Tennessee track champion Justin Gatlin returned to global glory on Saturday afternoon, shocking the world by winning the 100 meters at the IAAF World Athletics Championships in London.
The 35-year-old Gatlin turned on his afterburners in the final 10 meters, bursting from the outside to pass Jamaican star Usain Bolt and fellow former Vols star Christian Coleman, who were running in Lane 3 and Lane 4, respectively.
Gatlin ran a 9.92-second time to claim gold in the final, besting Coleman’s silver-medal run of 9.94 and Bolt’s final gallop of 9.95 at London Stadium.

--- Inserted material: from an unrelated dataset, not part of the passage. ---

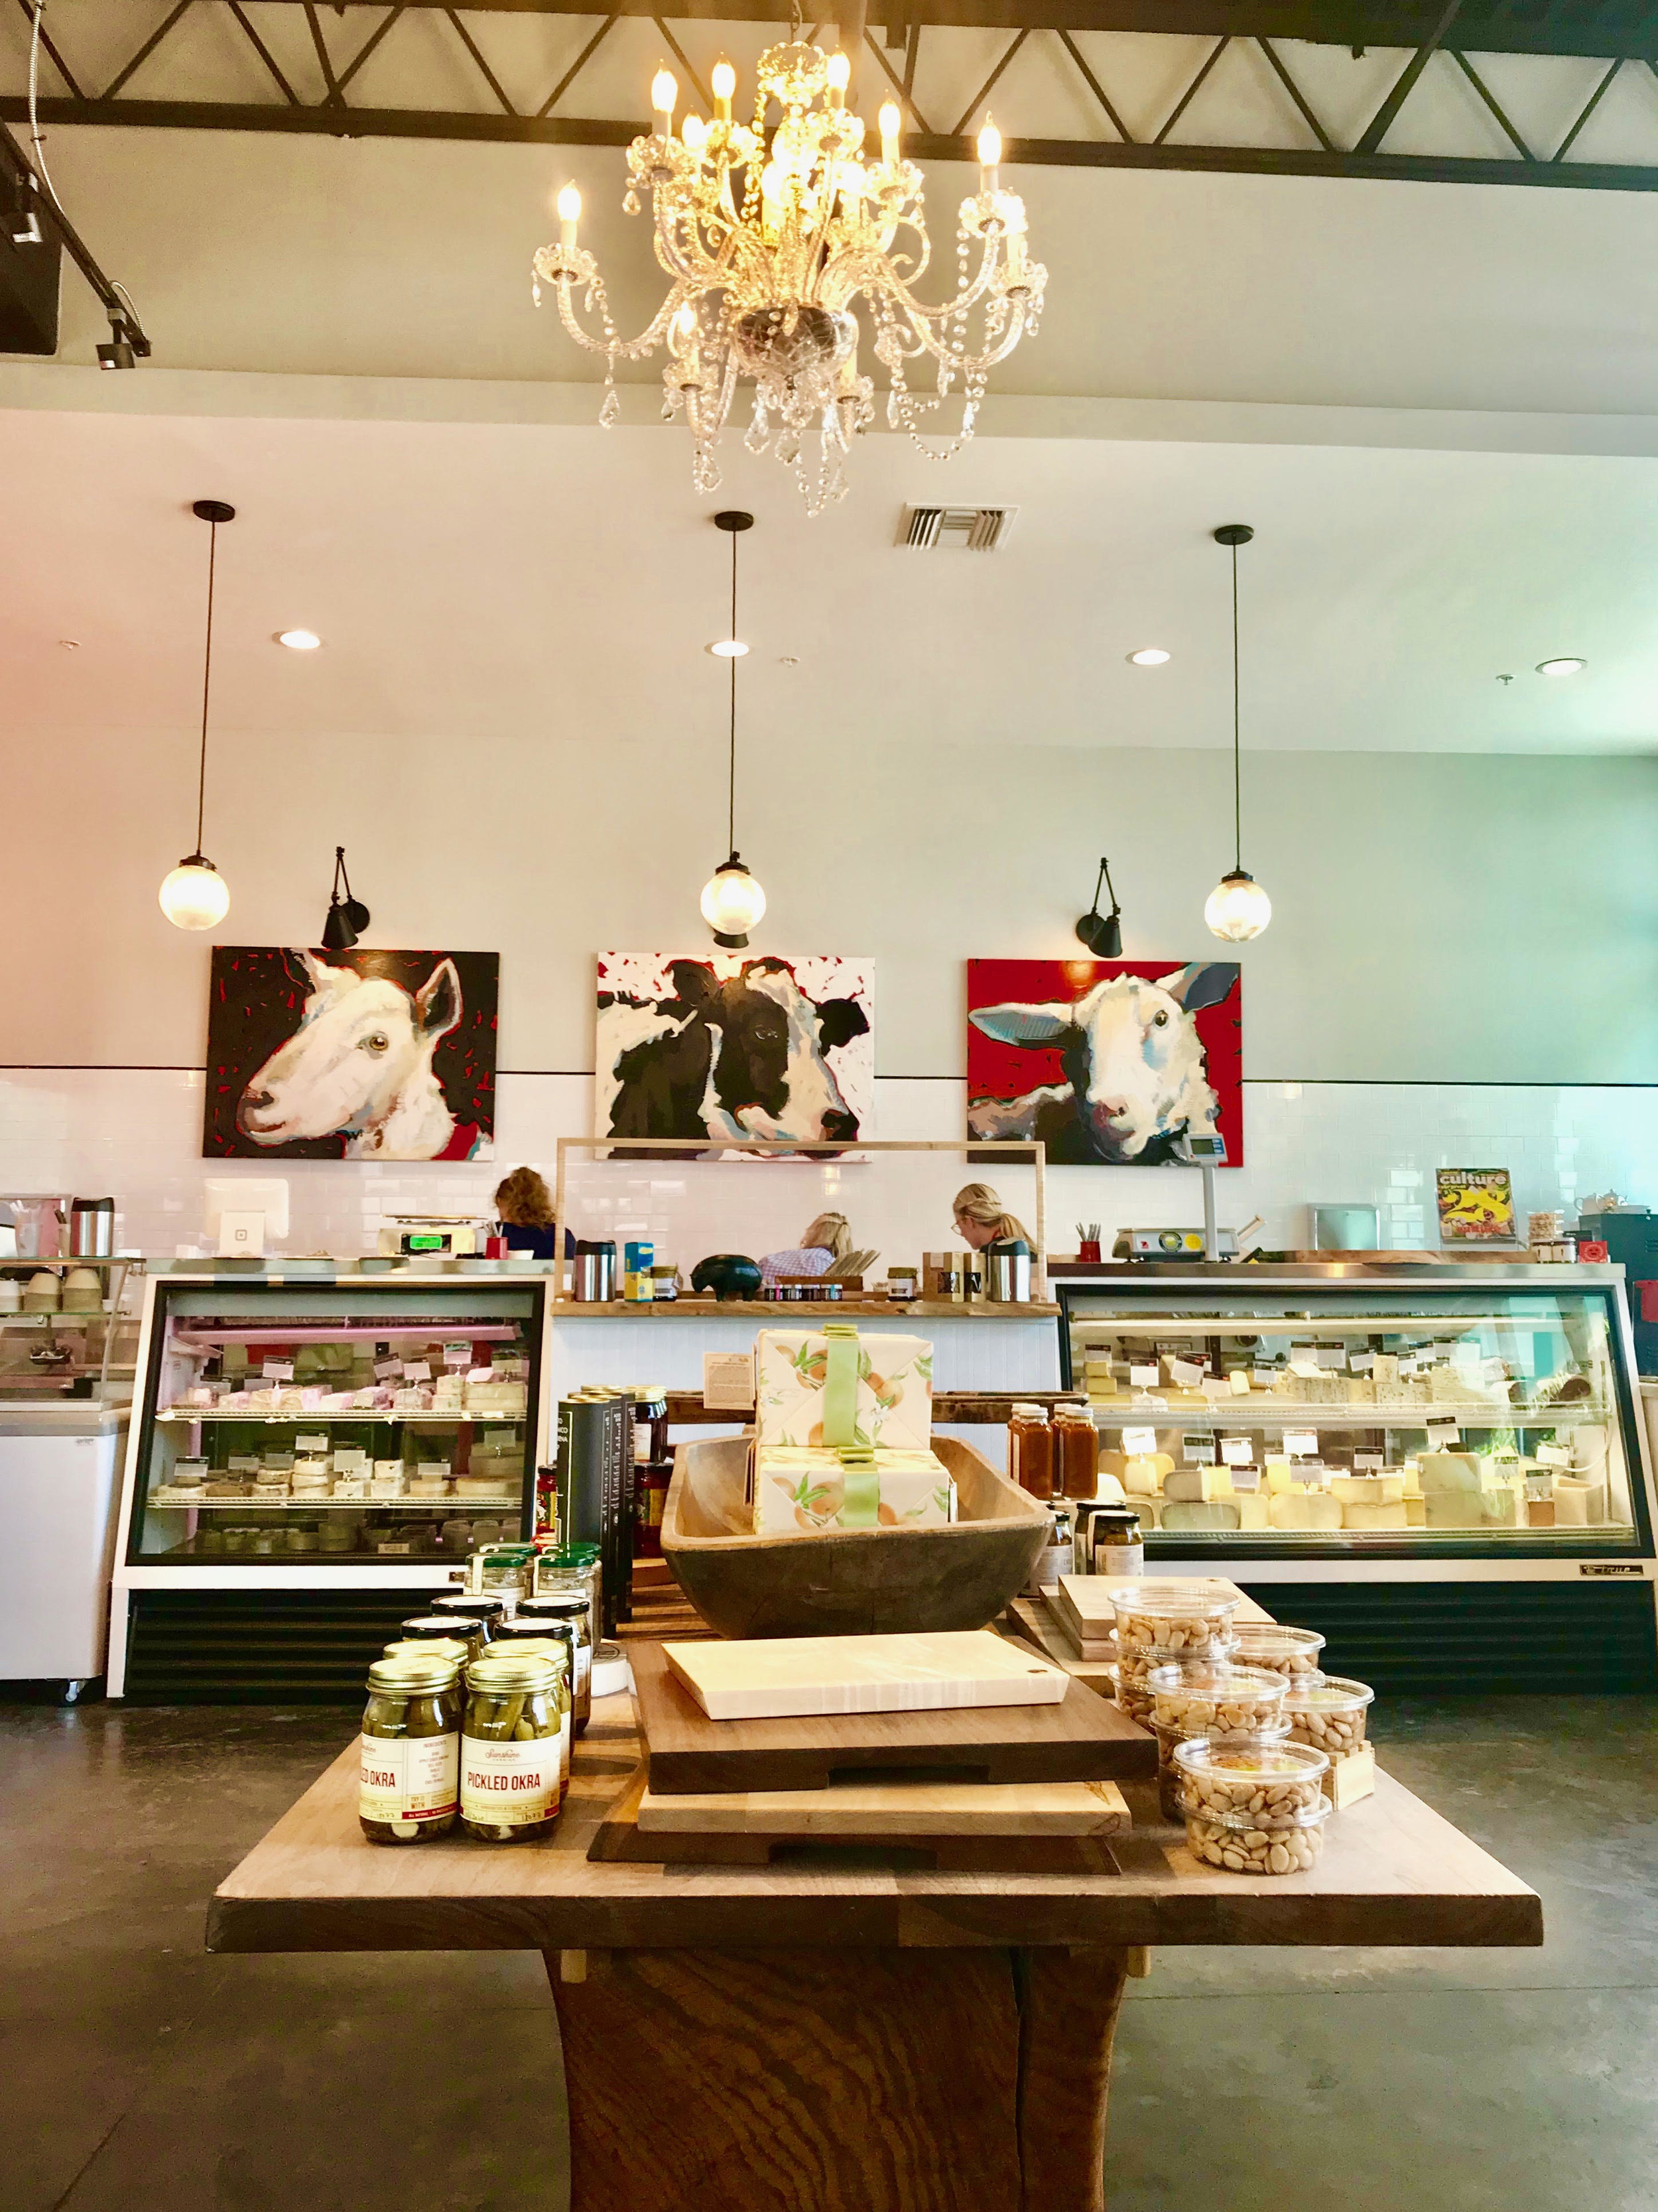 Installation, Artisan Cheese Company, Sarasota, FL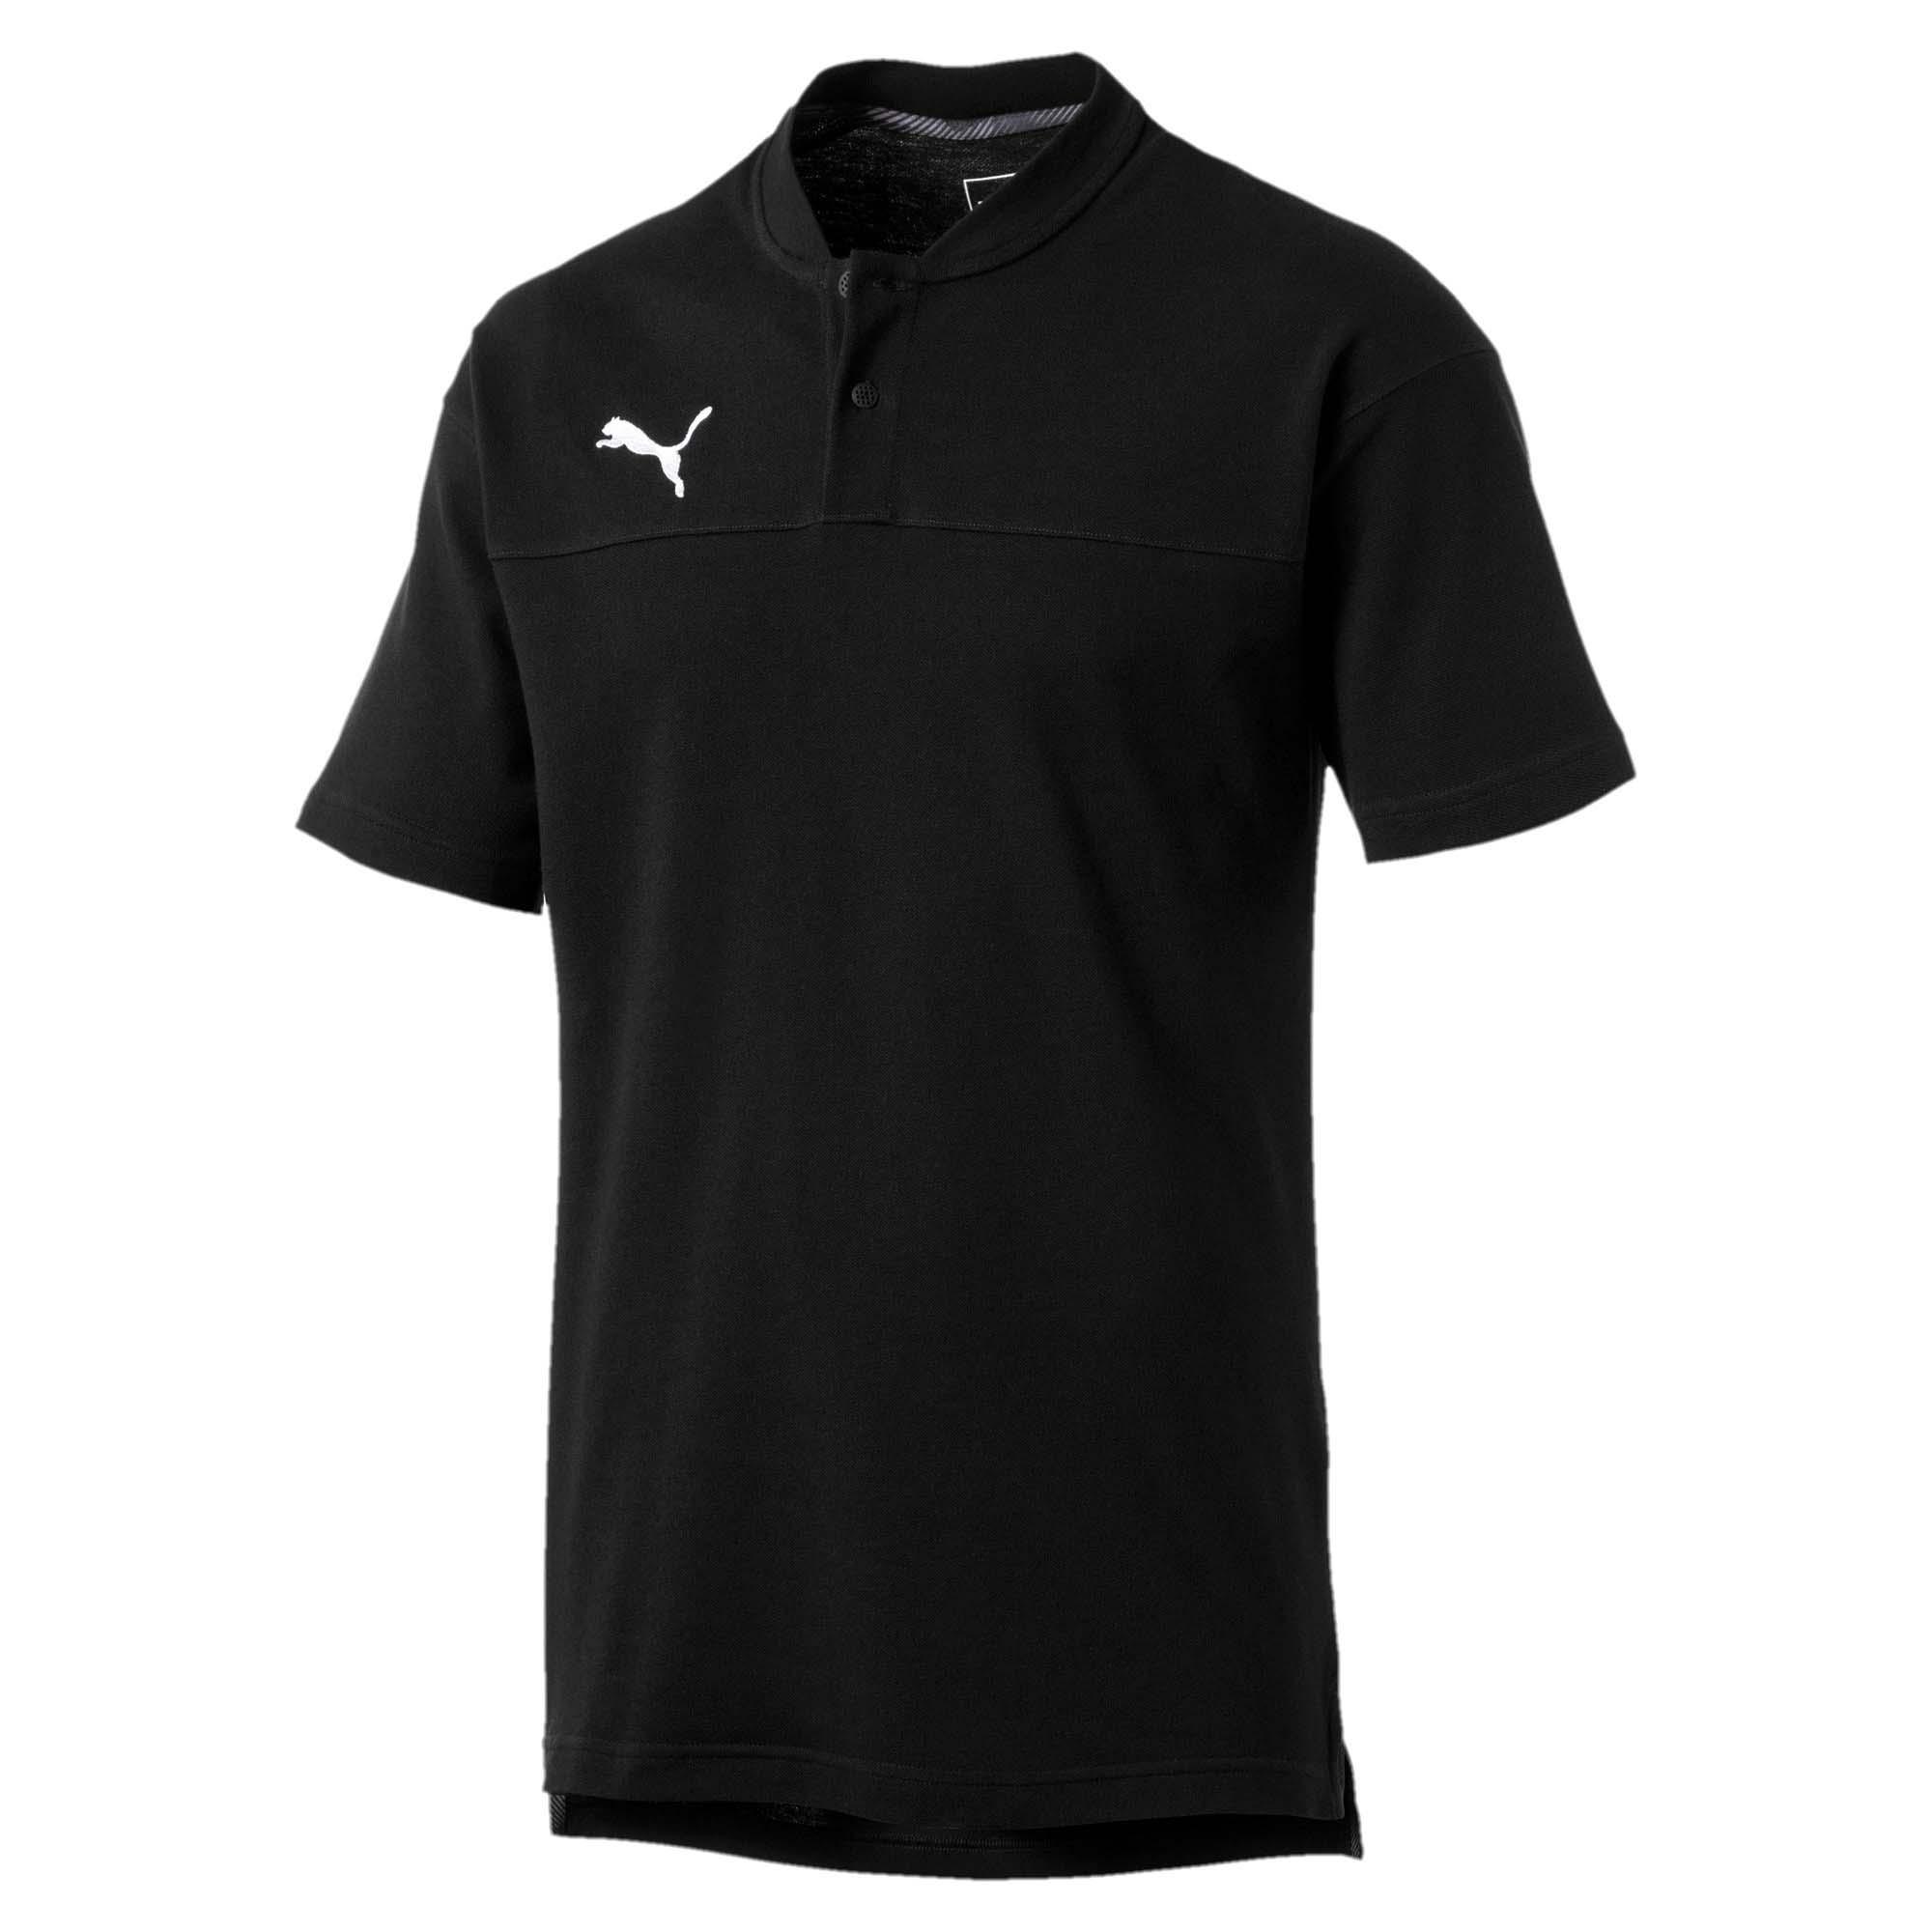 Puma Herren Poloshirt Cup Casual Polo 656036-03 S

“I didn’t think about myself — I thought about my parents in the stands and all my supporters … my countrymen who were watching at home,” Gatlin said during the live NBC telecast.
“I didn’t do it for me,” he said. “All the times I’ve lost to Usain and I’ve gotten silver and bronzes, I did it for others who really wanted me to go out there and do it.”
Gatlin held his finger to his mouth to “shhh” the London crowd that had booed him during his introduction and throughout the event.
But then Gatlin turned and kneeled, bowing at feet of the 30-year-old Bolt to honor the three-time 100-meter Olympic gold medal winner after what Bolt has said will be the final race of his legendary career.
Gatlin, from Pensacola, Fla., has also had a tremendous career. Gatlin won six consecutive NCAA titles during his two years at Tennessee (2001-2002) before going on to win the gold medal in the 100 meters at the Athens Olympics in 2004.
Gatlin went on to win his only other World Athletics Championships in the 100 meters in 2005 in Helsinki before getting hit with a four-year suspension from 2006-2010 after a drug test showed “testosterone or its precursors” in his system.
At the 2012 London Olympics, Gatlin ran a personal-best 9.79 seconds, but Bolt won the gold medal with an Olympic-record time of 9.63 and fellow Jamaican Yohan Blake finished in 9.75.
Some five years later, Gatlin finally found a way to beat Bolt in the 100 meter finals, something no other sprinter had done in the Olympics or world championships.
“I know at that point and time, at the starting line it was the Coleman and Usain Bolt show,” Gatlin said. “I know I had somewhat of an advantage in Lane 8, but I also had a disadvantage because I couldn’t see them, so I just ran for my life.
“I dreamed about this day. I’ve worked hard for this day, and it took for me to not be selfish and think about myself and to think about others to give me that fight, and that’s what mattered the most.”
Coleman and Bolt entered the final as the favorites, having run the fastest times in the preliminaries leading up to the final.
Coleman, a 21-year-old from Atlanta, ended up beating Bolt twice in one day in London in his world championship debut.